Abstract
Background:
Patient-reported outcome measures are essential tools for assessing function and quality of life. The Banff Patellofemoral Instability Instrument Version 2.0 (BPII 2.0) is specifically designed to evaluate adolescents and adults experiencing patellofemoral instability (PFI).
Purpose:
Because no French version was available, this study aimed to translate and validate a Canadian-French (CF) version of the BPII 2.0.
Study Design:
Cohort study (Diagnosis); Level of evidence, 3.
Methods:
The BPII 2.0 was translated using a forward-backward translation method (BPII 2.0-CF), following guidelines from the American Association of Orthopaedic Surgeons and the Institute for Work & Health. Participants aged ≥14, fluent in French, and with a confirmed diagnosis of PFI were included. Patients completed the questionnaire at their initial consultation, 7 days later, and 6 months after treatment. Construct validity was assessed through Spearman correlation with the Kujala score. Internal consistency was evaluated using the Cronbach alpha coefficient, and test-retest reliability using the intraclass correlation coefficient (ICC). Responsiveness to change was analyzed using the Wilcoxon signed-rank test and the corresponding effect size r.
Results:
A total of 45 participants were included (female, n = 33; 73%), with a median age of 21 years (range, 14-54). The median symptom duration before consultation was 48 months (range, 0.5-480.0). Mean ± SD BPII 2.0-CF scores were 38.46 ± 14.48 (N = 45), 39.52 ± 15.99 (n = 34), and 60.99 ± 20.24 (n = 29) at baseline, day 7, and 6 months after surgery, respectively. No floor or ceiling effects were observed. The construct validity of the translated BPII 2.0 and the French Kujala score at baseline was fair and statistically significant (r = 0.56; 95% CI, 0.28-0.77; P < .001). Internal consistency was acceptable with Cronbach alpha coefficient of .87. Retest reliability was good with an ICC of 0.75 (95% CI, 0.56-0.87; P < .001), and the response to change showed strong reactivity with an effect size of 0.79 (95% CI, 0.60-0.90; P < .001).
Conclusion:
The CF version of the BPII 2.0 is a valid, reliable, and appropriate tool for assessing patients with PFI. The rigorous translation and validation process supports its use in Francophone clinical settings.
Keywords
The use of patient-reported outcome measures has become essential in evaluating overall quality of care. Once grouped within the broad category of patellofemoral syndromes, patellofemoral instability (PFI) is now recognized as a distinct clinical entity. PFI is more prevalent among adolescents and young adults in the active population, with an incidence of 77 per 100,000 people per year in at-risk populations. 11 Approximately 50% of these patients will experience recurrent symptoms,15,24,29 which can become disabling and hinder their ability to fully participate in daily or recreational activities, thereby negatively affecting their quality of life.
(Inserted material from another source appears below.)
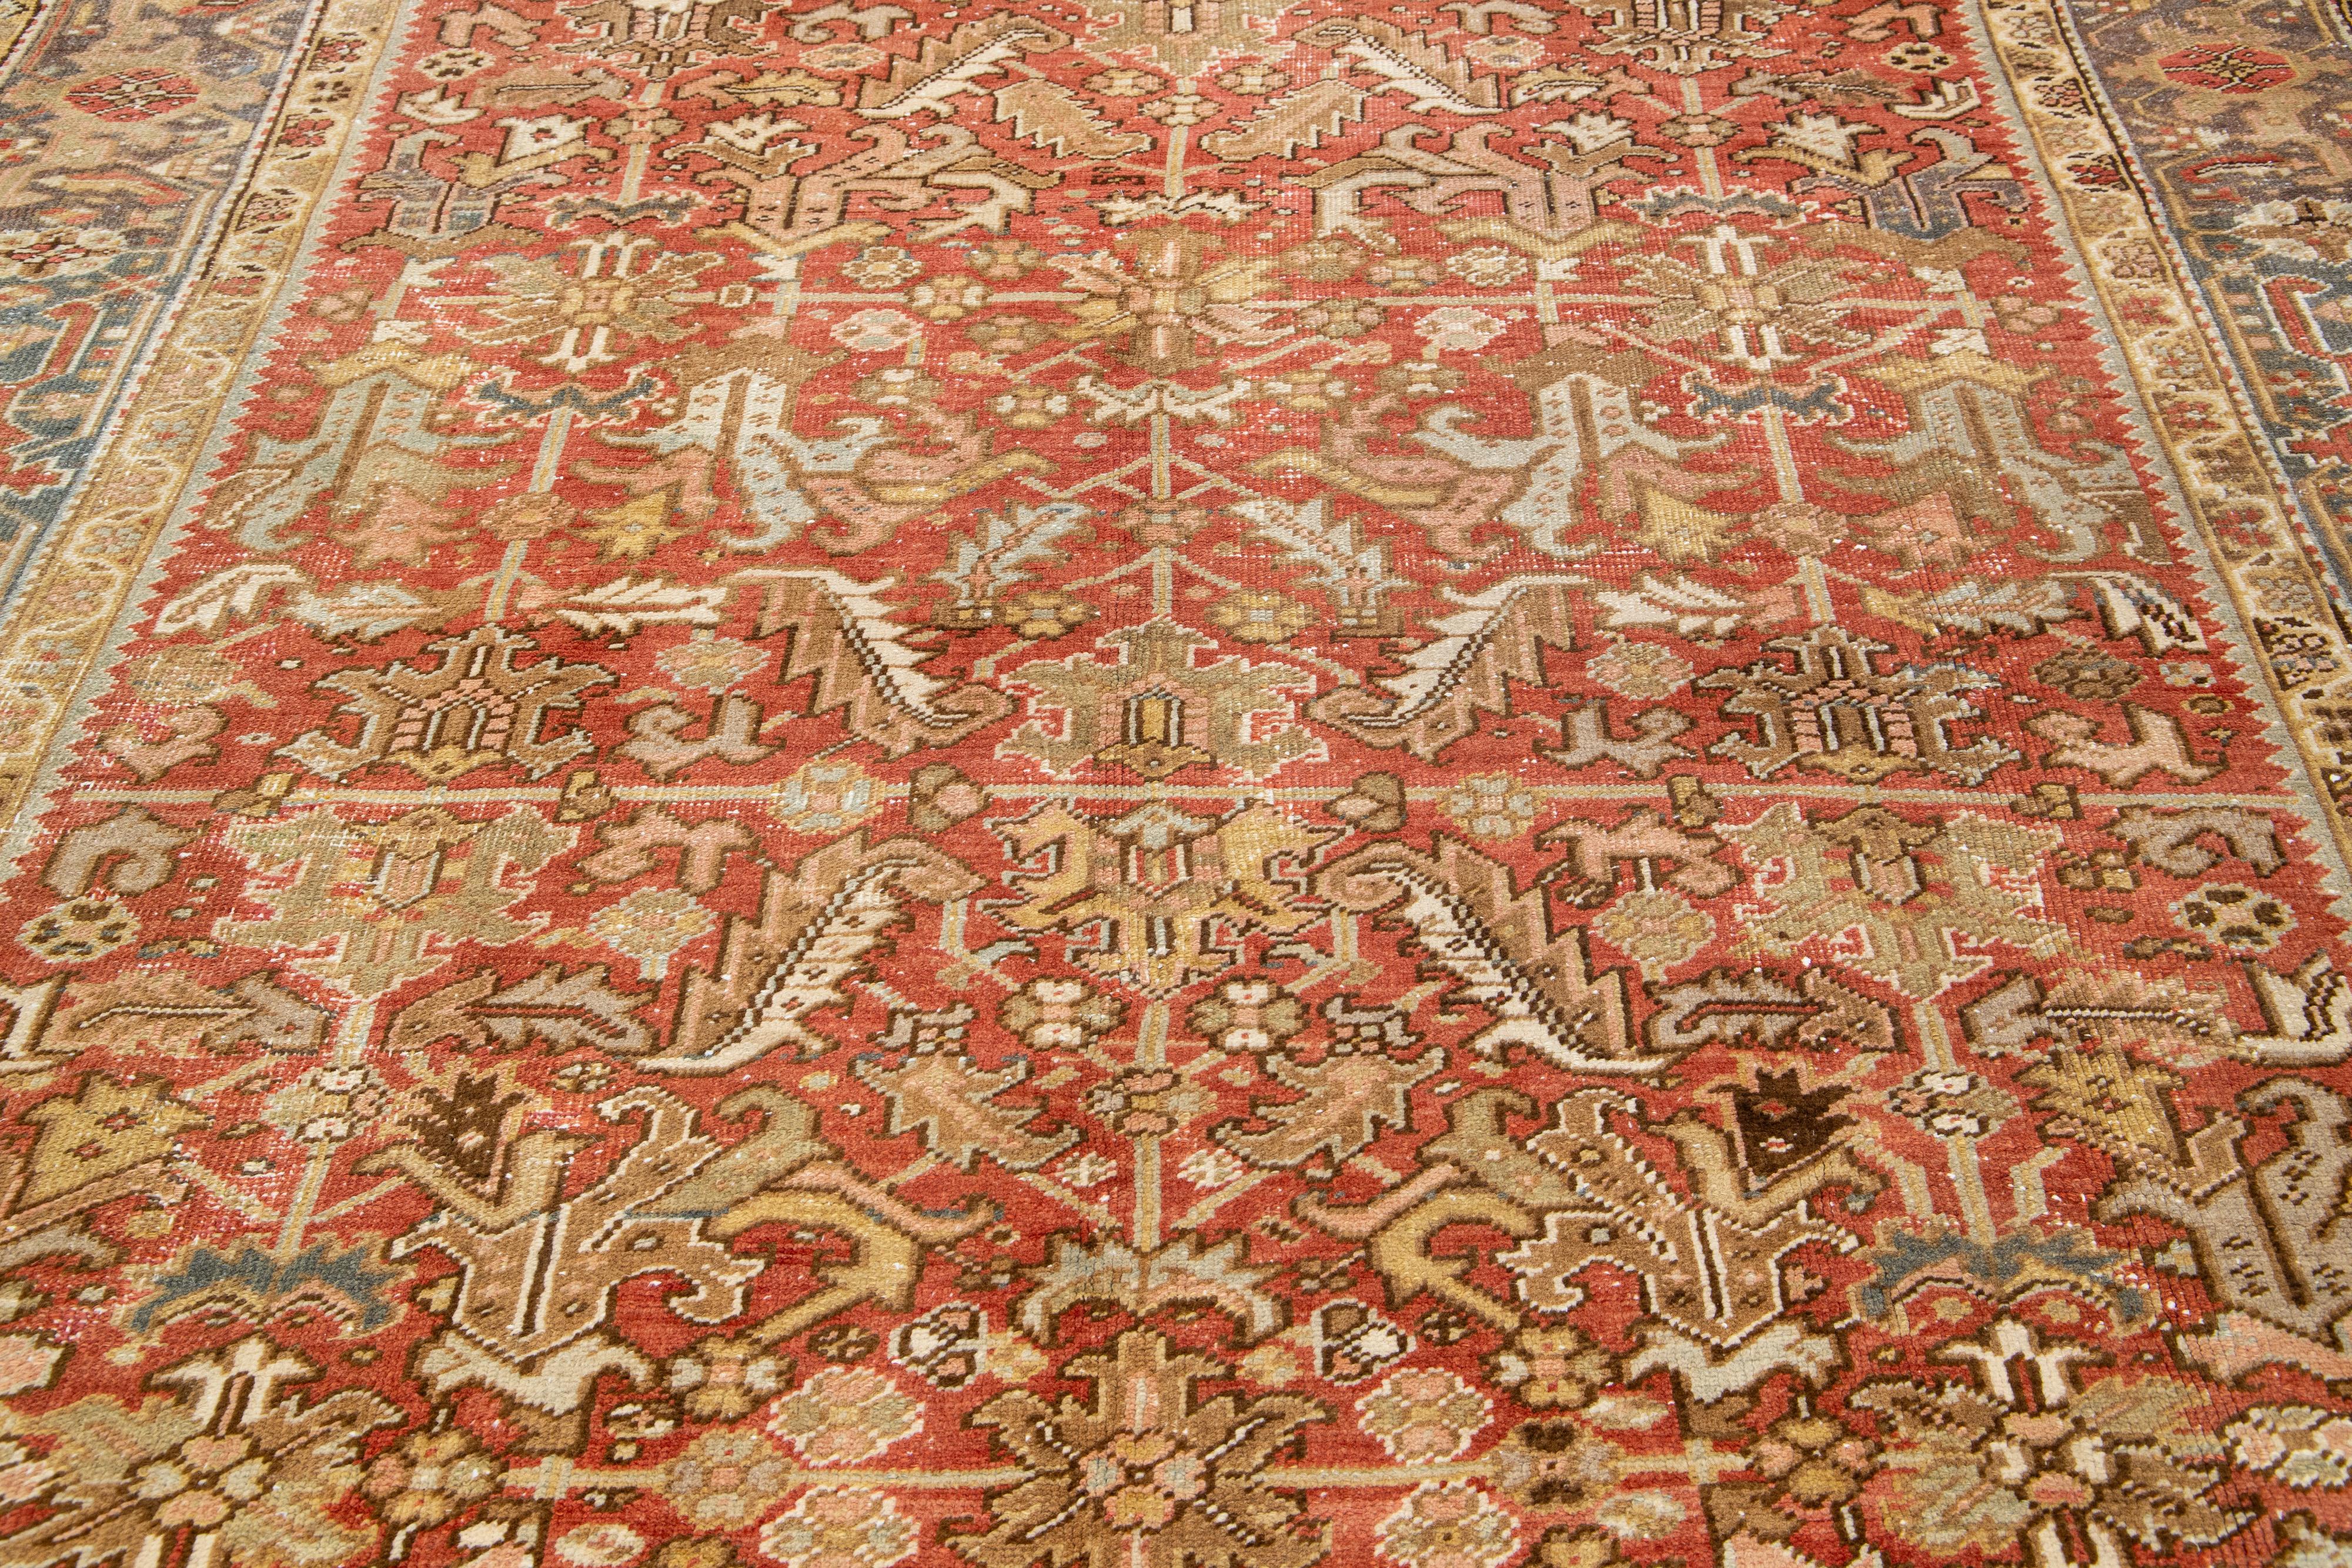 Early 20th Century Allover Antique Persian Heriz Wool Rug In Rust Color From The 1920s For Sale

With advances in the understanding of PFI, its clinical presentation, diagnosis, and treatment, condition-specific quality-of-life assessment tools have increasingly been developed or adapted. These include the Banff Patellofemoral Instability Instrument 2.0 (BPII 2.0), the Norwich Patellar Instability score, and the Kujala score. The Norwich Patellar Instability score is a questionnaire that assesses the patient’s perceived patellar instability during various movements and activities, but it has not yet been translated into French. 11 The Kujala score is another tool that evaluates anterior knee pain associated with patellofemoral disorders; although it is not specific to PFI, a French cross-cultural translation was performed by the University of Liège in Belgium. 14 The BPII 2.0 is a questionnaire specific to PFI and has also shown effectiveness in adolescent target populations. 18
The BPII 2.0, originally validated and published in English in 2016, replaced the first version from 2013 by reducing the number of questions from 32 to 23. It evaluates PFI across 5 domains: physical symptoms or complaints, work- and/or school-related concerns, recreation, sports and activities, lifestyle, and social and emotional. Patients are asked to place a vertical mark on a horizontal 100-mm visual analog scale. Each question contributes equally to the overall score, and the final score ranging from 0 to 100 is the mean of all answered items. Of the 23 questions, ≥19 must be completed for the score to be valid. A higher score indicates a better quality of life. 17
It subjectively assesses the functional impact of PFI on patients’ quality of life, one of the most important factors in evaluating treatment outcomes.10,18 Growing interest in the BPII 2.0 has prompted its translation into multiple languages, including German, 4 Spanish, 19 Indonesian, 23 Norwegian, 13 Portuguese, 9 Swedish, 27 Dutch, 26 Arabic, 2 and Turkish. 30 However, to date, no French or Canadian-French (CF) version has been documented in the literature. Validating the BPII 2.0 in CF would enhance its relevance and applicability within Canada’s francophone population and potentially in other French-speaking communities worldwide.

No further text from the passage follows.